Our next task is to give an upper bound on the number of messages sent by the algorithm. The subsequent lemma shows that the number of processors that can enter a phase decays exponentially as the phase number increases.

Lemma 21.9  Given a ring of size $n$, the number $k$ of processors that enter phase number $i \geq 0$ is at most $n/2^{2i-1}$.

Proof. There are exactly $n$ processors that enter phase number $i = 0$, because each processor eventually sends $\langle \text{probe}, \text{id}, 0, 0 \rangle$ message. The bound stated in the lemma says that the number of processors that enter phase 0 is at most $2n$, so the bound evidently holds for $i = 0$. Let us consider any of the remaining cases i.e., let us assume that $i \geq 1$. Suppose that a processor $p_j$ enters phase number $i$, and so by definition it sends message $\langle \text{probe}, \text{id}, i, 2^i - 1 \rangle$. In order for a processor to send such message, each of the two probe messages $\langle \text{probe}, \text{id}, i - 1, 2^{i-1} - 1 \rangle$ that the processor sent in the previous phase in both directions must have made $2^{i-1}$ hops always arriving at a processor with strictly lower identifier than the identifier of $p_j$ (because otherwise, if a probe message arrives at a processor with strictly larger or the same identifier, than the message is swallowed, and so a reply message is not generated, and consequently $p_j$ cannot enter phase number $i$). As a result, if a processor enters phase number $i$, then there is no other processor $2^{i-1}$ hops away in both directions that can enter the phase. Suppose that there are $k \geq 1$ processors that enter phase $i$. We can associate with each such processor $p_j$, the $2^{i-1}$ consecutive processors that follow $p_j$ in the CW direction. This association assigns $2^{i-1}$ distinct processors to each of the $k$ processors. So there must be at least $k + k \cdot 2^{i-1}$ distinct processor in the ring. Hence $k(1 + 2^{i-1}) \leq n$, and so we can weaken this bound by dropping 1, and conclude that $k \cdot 2^{i-1} \leq n$, as desired.

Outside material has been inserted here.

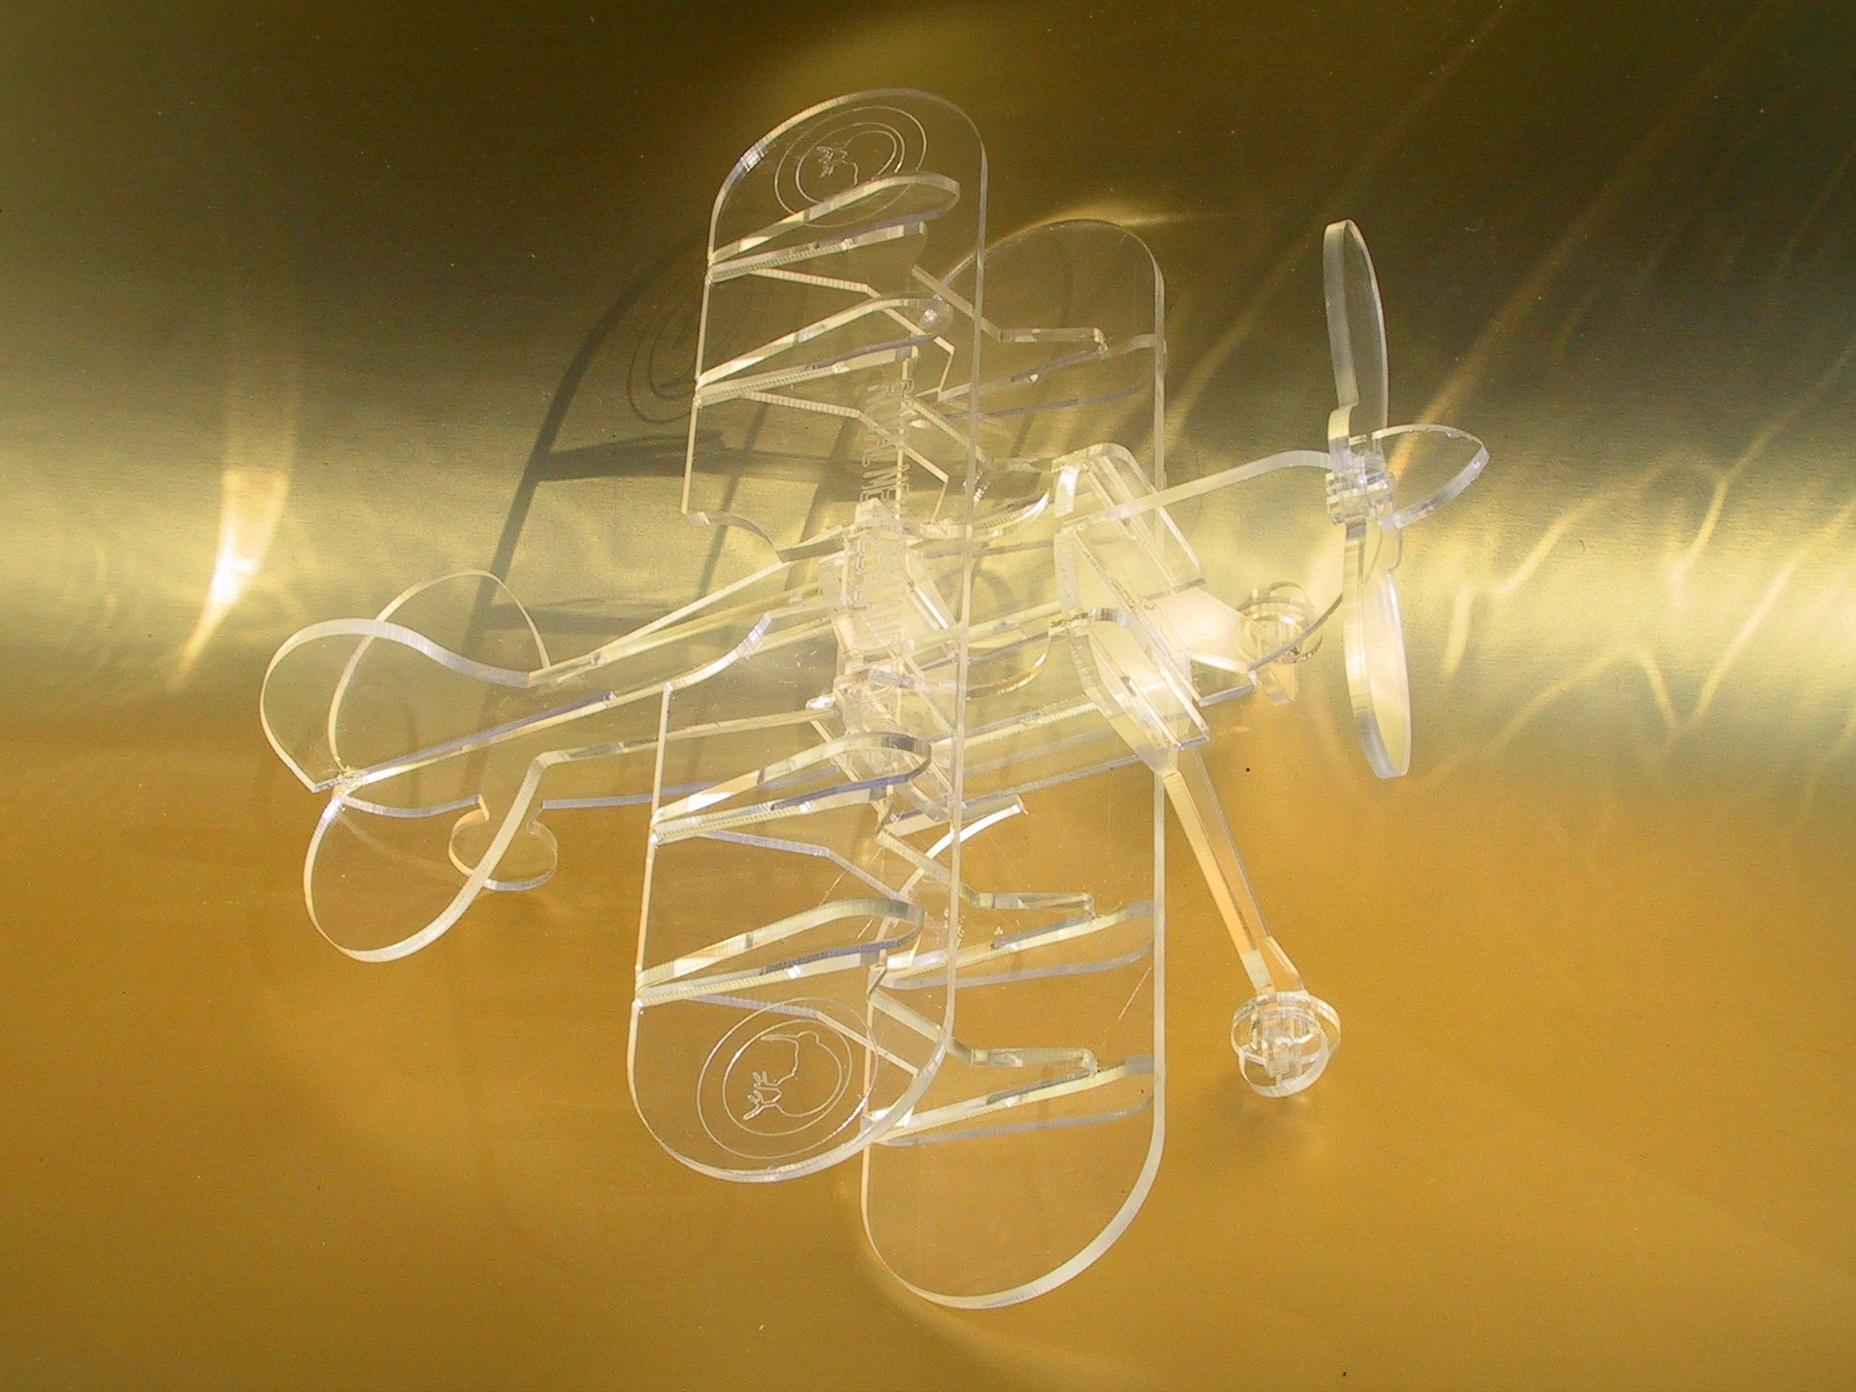 Biplane Laser Cut Free Vector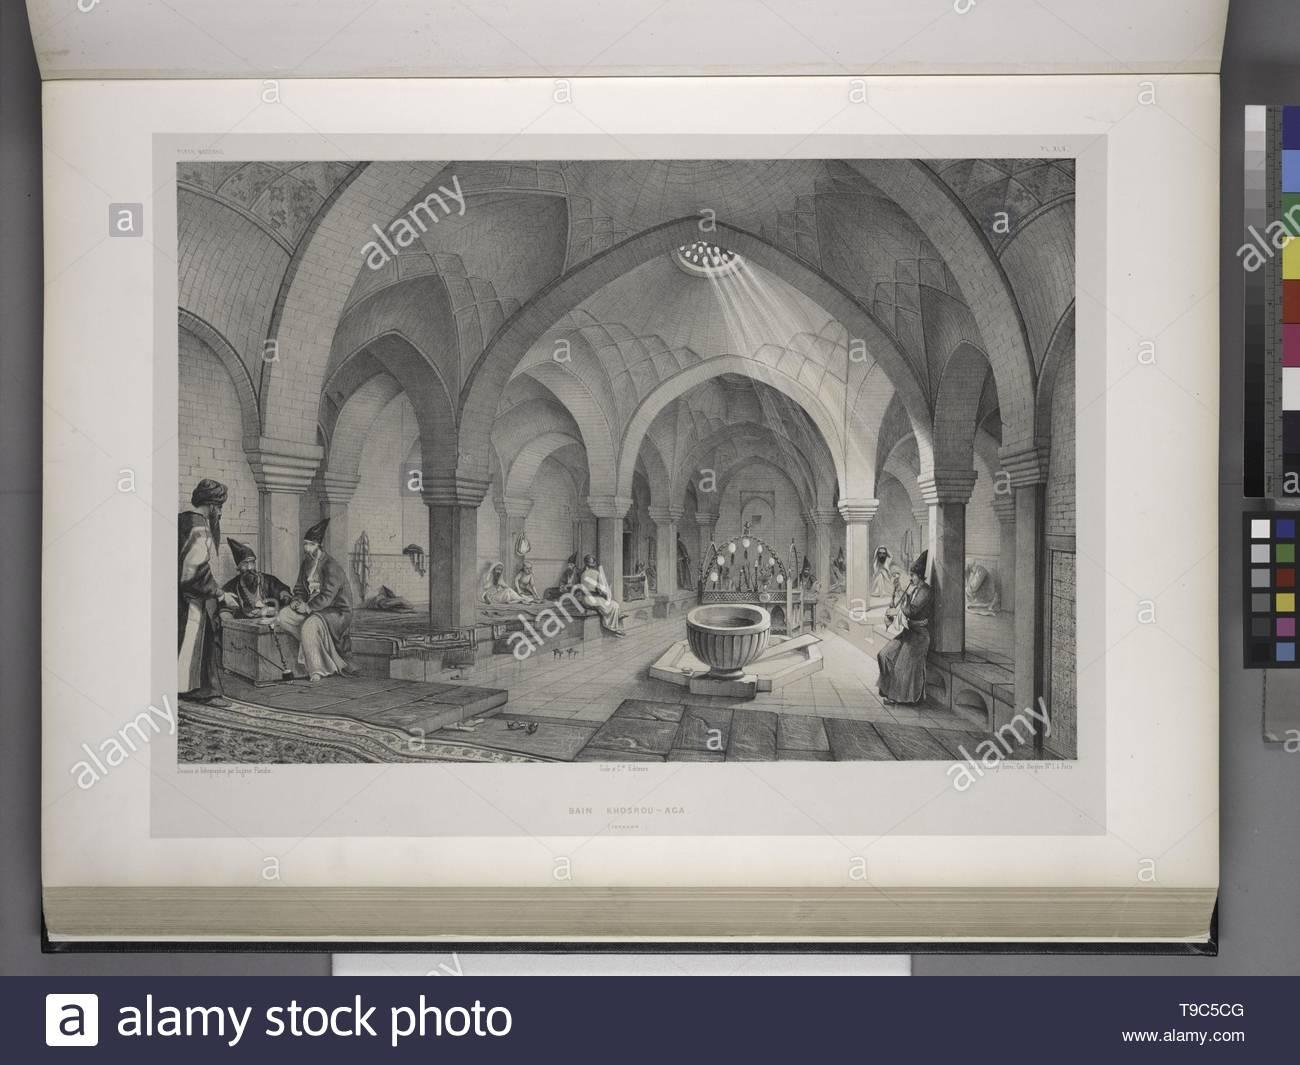 Flandin, Eugène (1809-1876) - Bain Khosrou-Aga [Intérieur], Ispahan Stockbild

Theorem 21.10  The BULLY algorithm has $O(n \log n)$ message complexity, where $n$ is the size of the ring.

Proof. Note that any processor in phase $i$, sends messages that are intended to travel $2^i$ away and back in each direction (CW and CCW). This contributes at most $4 \cdot 2^i$ messages per processor that enters phase number $i$. The contribution may be smaller than $4 \cdot 2^i$ if a probe message gets swallowed on the way away from the processor. Lemma 21.9 provides an upper bound on the number of processors that enter phase number $k$. What is the highest phase that a processor can ever enter? The number $k$ of processors that can be in phase $i$ is at most $n/2^{i-1}$. So when $n/2^{i-1} < 1$, then there can be no processor that ever enters phase $i$. Thus no processor can enter any phase beyond phase number $h = 1 + \lceil \log_2 n \rceil$, because $n < 2^{(h+1)-1}$. Finally, a single processor sends one termination message that travels around the ring once. So the total number of messages sent by the algorithm is at most

\[ n + \sum_{i=0}^{1 + \lceil \log_2 n \rceil} \left( \frac{n}{2^{i-1}} \cdot 4 \cdot 2^i \right) = n + \sum_{i=0}^{1 + \lceil \log_2 n \rceil} 8n = O(n \log n) \]

\[ \]
Burns [?] furthermore showed that the asynchronous leader election algorithm is asymptotically optimal: Any uniform algorithm for electing a leader in an asynchronous ring sends at least \( \Omega(n \log n) \) messages.

**Theorem 21.11** Any uniform algorithm for electing a leader in an asynchronous ring sends at least \( \Omega(n \log n) \) messages.

The proof builds wasteful executions of any algorithm on rings of size \( n/2 \). Then two rings of size \( n/2 \) are pasted together in such a way that the wasteful executions of the smaller rings can be combined and \( \Theta(n) \) additional messages are received.

**Exercises**

21.3-1 Show that the simplified BULLY algorithm has \( \Omega(n^2) \) message complexity, by appropriately assigning identifiers to processors on a ring of size \( n \), and by determining how to delay processors and messages.

21.3-2 Show that the BULLY algorithm has \( \Omega(n \log n) \) message complexity.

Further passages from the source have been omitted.